The volatility in autoregulation parameters found to be relevant is likely attributable to the small patient number. This calls for repeating the analysis in a larger multicentric dataset, e.g., the CENTER TBI high-resolution database. Promising candidates related to outcome may then get investigated as biomarkers whether different treatment paradigms like deeper or lighter sedation, choice of narcotic agent, use/nonuse of muscle relaxants, the level of hypocapnia vs strict normocapnia or strict vs liberal temperature control do have influence. It is well known that the yield on finding an optimal CPP by investigating PRx autoregulation may differ between centers [15] (being bicentric is another asset of the work of Bennis et al., although no differences between centers beyond the difference in ABP levels are given—minor flaw #3). This may lead to identify a less hostile environment in the intensive care unit for a severely injured TBI patient, with better control of secondary brain damage, and present a novel way in autoregulation research beyond being a mere prognostic biomarker or a tool to individualize treatment.

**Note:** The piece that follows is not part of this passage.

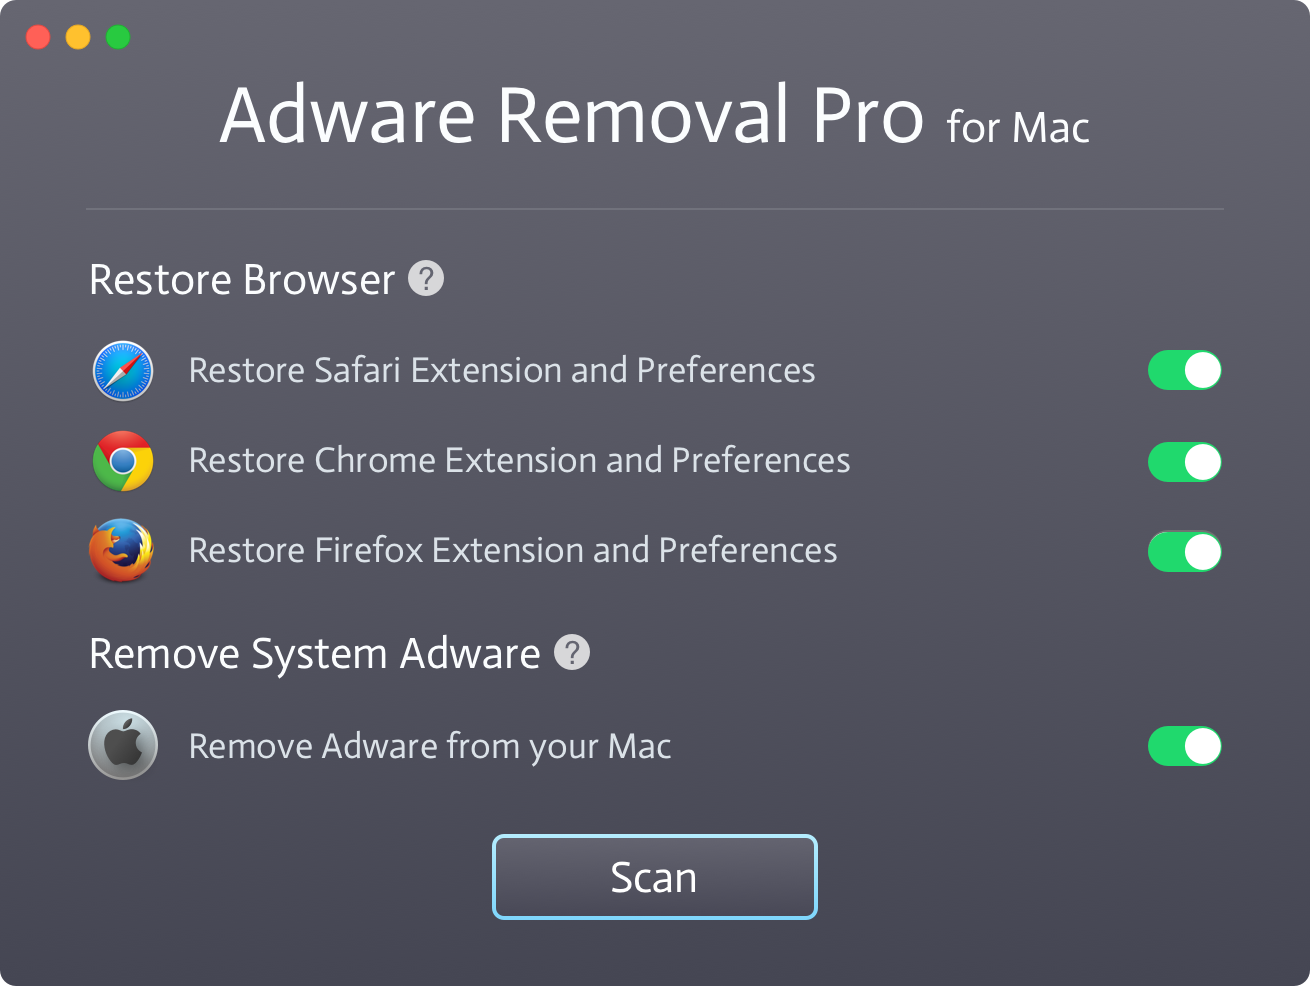 Adware Removal Pro 1.0 : Main UI

What is the current state of autoregulation research? It is certainly not as easy as the SIBICC recommendations suggest: “increase MAP by 10 mmHg and consider the state of autoregulation to get a lower ICP reading” [2]. As with every other non-trivial relationship, it may get complicated. Bennis et al. asked the question which parameter is of importance in the most vulnerable phase after TBI and tried to answer with appropriate methods. This approach may lead the way to a bright future of autoregulation research.